Vega explained the battle over the Student Opportunity Act, which restructured primary and secondary educational funding, depleted his political capital. The version he cosponsored went further than the one House leadership put forward and much closer to the Senate bill.
It was a titanic battle that pulled on so many threads.
If the debate bruised Vega’s standing, the speaker he served under did not express that. Robert DeLeo resigned as the House’s leader last week, but earlier in December he appeared at a Zoom event Holyoke Democrats held in Vega’s honor.
In a statement his office provided to WMP&I before his resignation, DeLeo praised Vega’s work for Holyoke and on behalf of gateway cities like it.
“While serving in the House, Representative Vega worked hard to address issues and policies that affected his home district and those that face gateway cities across the Commonwealth,” DeLeo said. “He will be missed, and I wish him and his family all the best for a healthy and happy future.”

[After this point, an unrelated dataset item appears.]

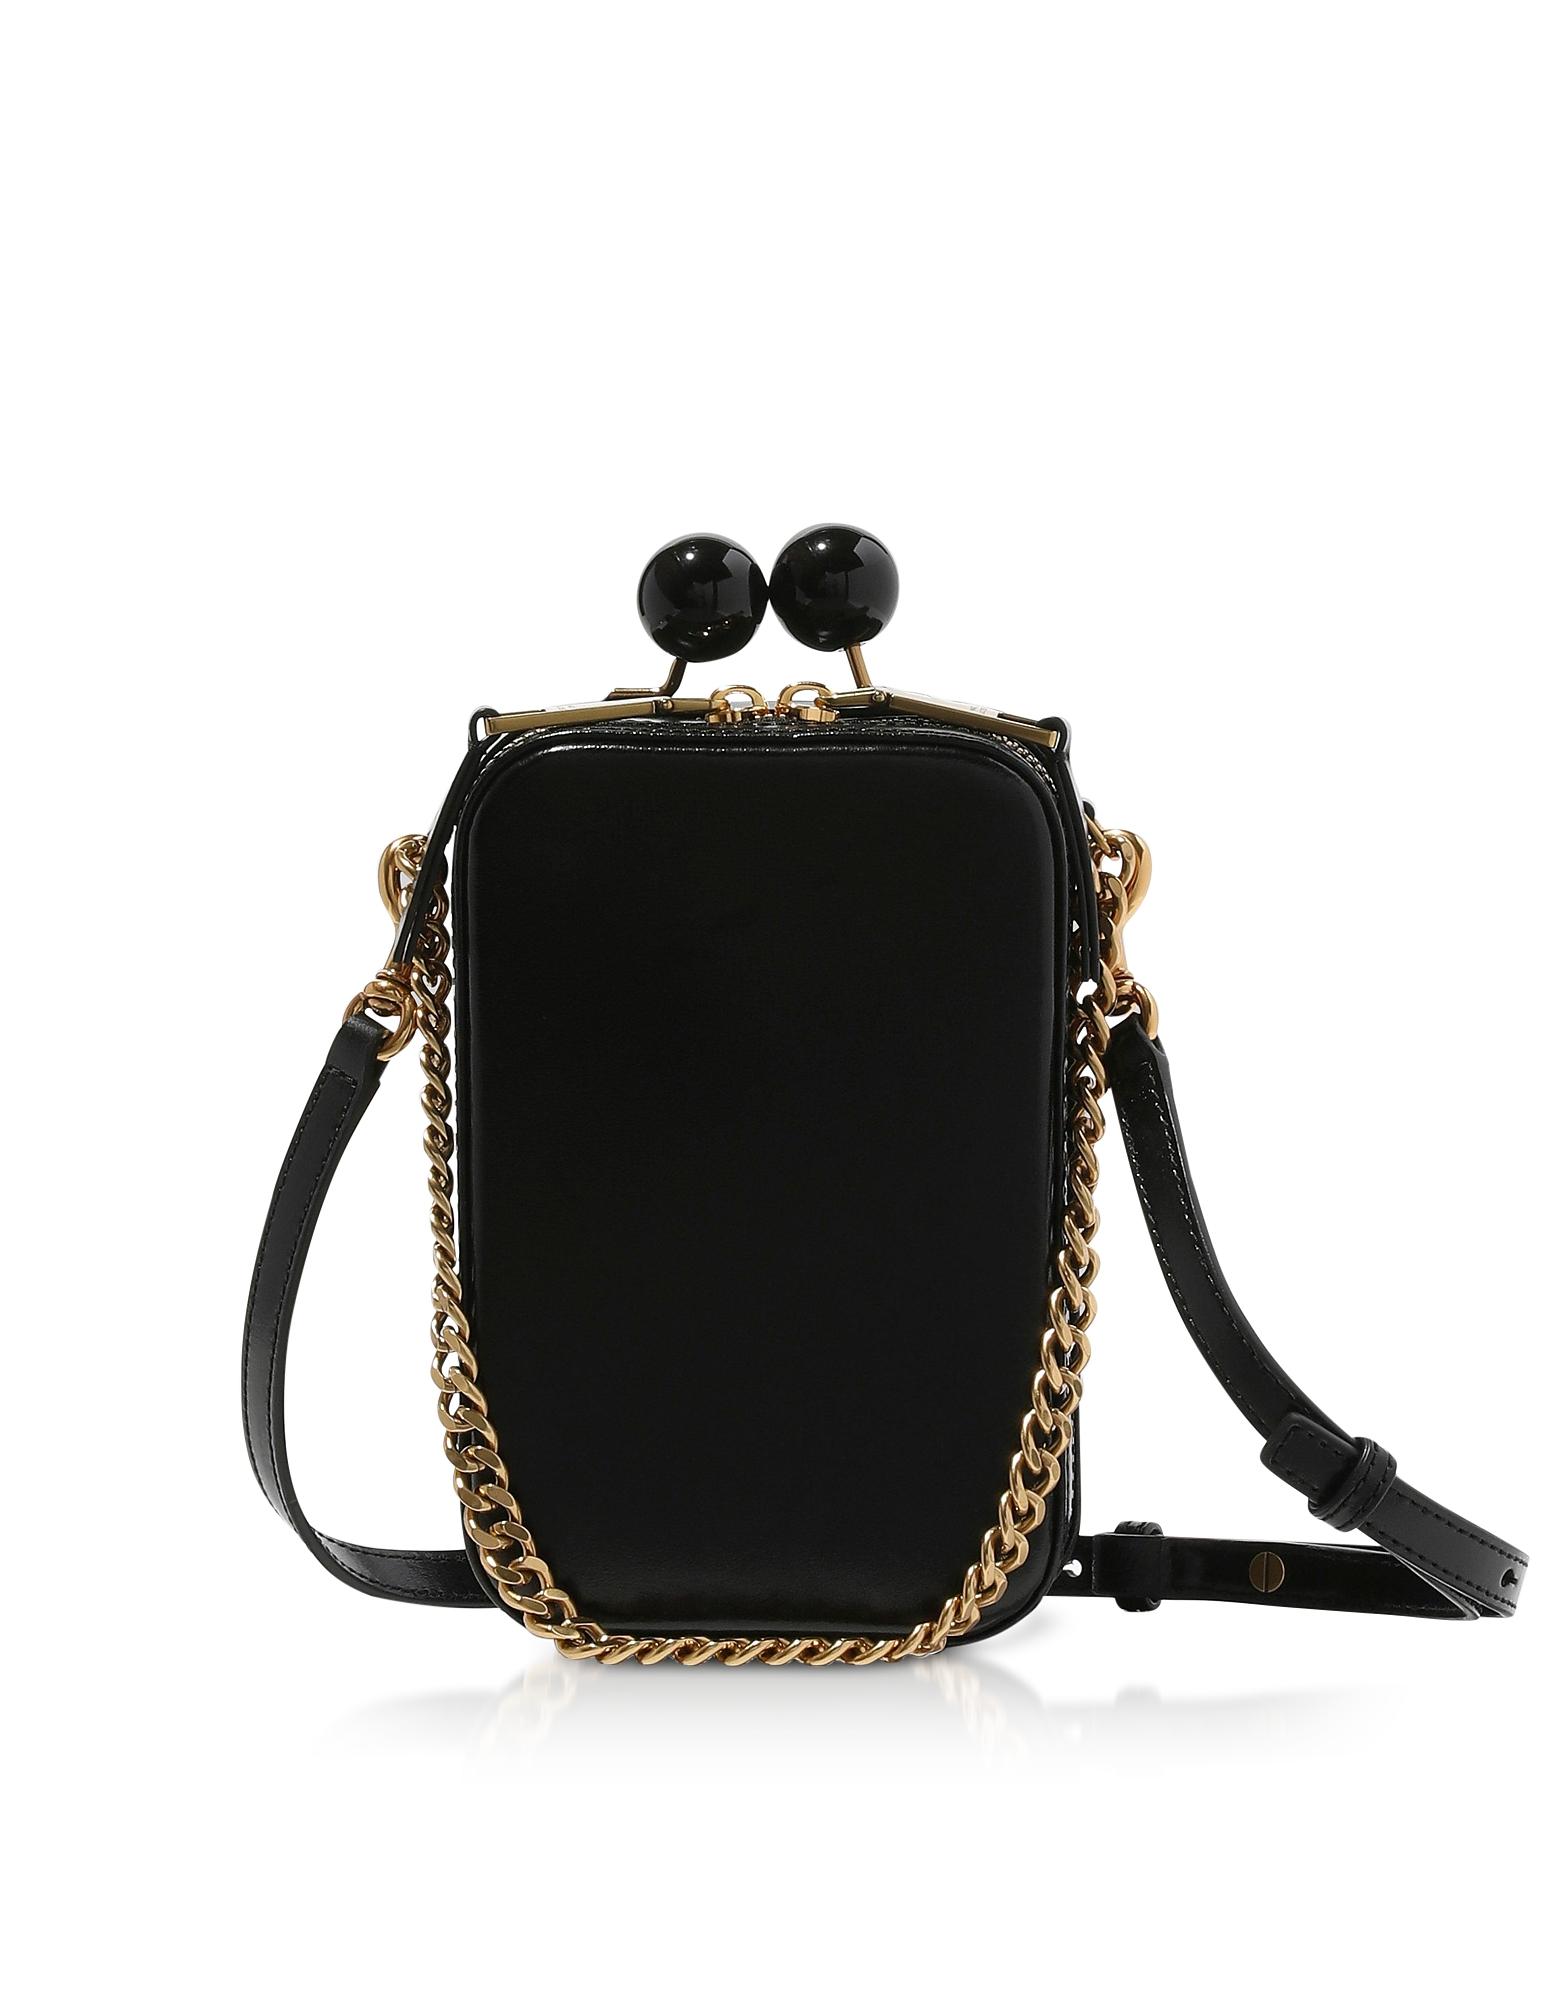 Marc Jacobs Designer Handbags, Black Leather The Vanity Clutch

Vargas, the Haverhill rep, said he and Vega got to know each other sitting behind one another in House chamber—when the legislature was not virtual. Both members of the Black & Latino caucus and representatives from gateway cities, their school funding and nutrition agendas overlapped.
One bill they fought for was Breakfast After the Bell, which received final approval last year. It extends morning nutrition programs in high-poverty areas beyond the start of the school day.
“It was a great journey working with him up until the finish line,” Vargas said. Though like anything at the State House, that journey could be frustratingly labyrinthine. At one meeting, Vargas recalled Vega bluntly demanding, “Let’s just feed the kids.”
While these bills receive the most attention, Duffy, Vega’s aide and successor, noted less-prominent legislative work. Given Holyoke’s pursuit of the cannabis industry, Vega contributed to Beacon Hill’s periodic revisions of marijuana laws. She also highlighted the ease with which he work alongside youth advocates.
“You could just tell immediate he was comfortable with them,” she said.
Vega accepts credit. Yet, he is mindful that of the balance between the extroversion running for office entails and the humility of working in a collective.
“Am I an expert on all of them? No. But there’s, you know, a few pieces of what my fingerprints are on, all of our fingerprints on pieces,” he said. “And that’s the humbling part.”
Vega has not shut the door on running for office again, but not any time soon. His new gig at Holyoke’s economic development office beckons in a few weeks. In his appointment announcement, Mayor Morse feted Vega’s tenure on the City Council Development committee and partnership with the city while on Beacon Hill.
“I’m excited to welcome Aaron to City Hall in this new capacity. Aaron steps into this role at a critical time for our city, and I can’t think of anyone more prepared and ready to continue the work before us,” Morse said in his November statement.
With Morse retiring, a new mayor may not retain Vega, but he is not thinking that far ahead right now. Indeed, when he decided against reelection last year, he had no job lined up.
“This next position I’m really excited about. I have no idea what the future brings,” Vega said.
Beacon Hill allies will miss him even if some will still be working with him.
Velis, who bonded with Vega during a trip to Israel a few years ago, now represents Holyoke in Senate. Grateful for Vega’s help studying up on Holyoke issues, he said the change will be Beacon Hill’s loss, but they will still be working together.
“He’s staying in the business in Holyoke,” Velis said.
Vargas, a bit more wistfully, noted the positive attitude Vega brought to business on Beacon Hill, a place that is no stranger to the negative.
“People should know he’s just a good dude trying to do good things,” Vargas said.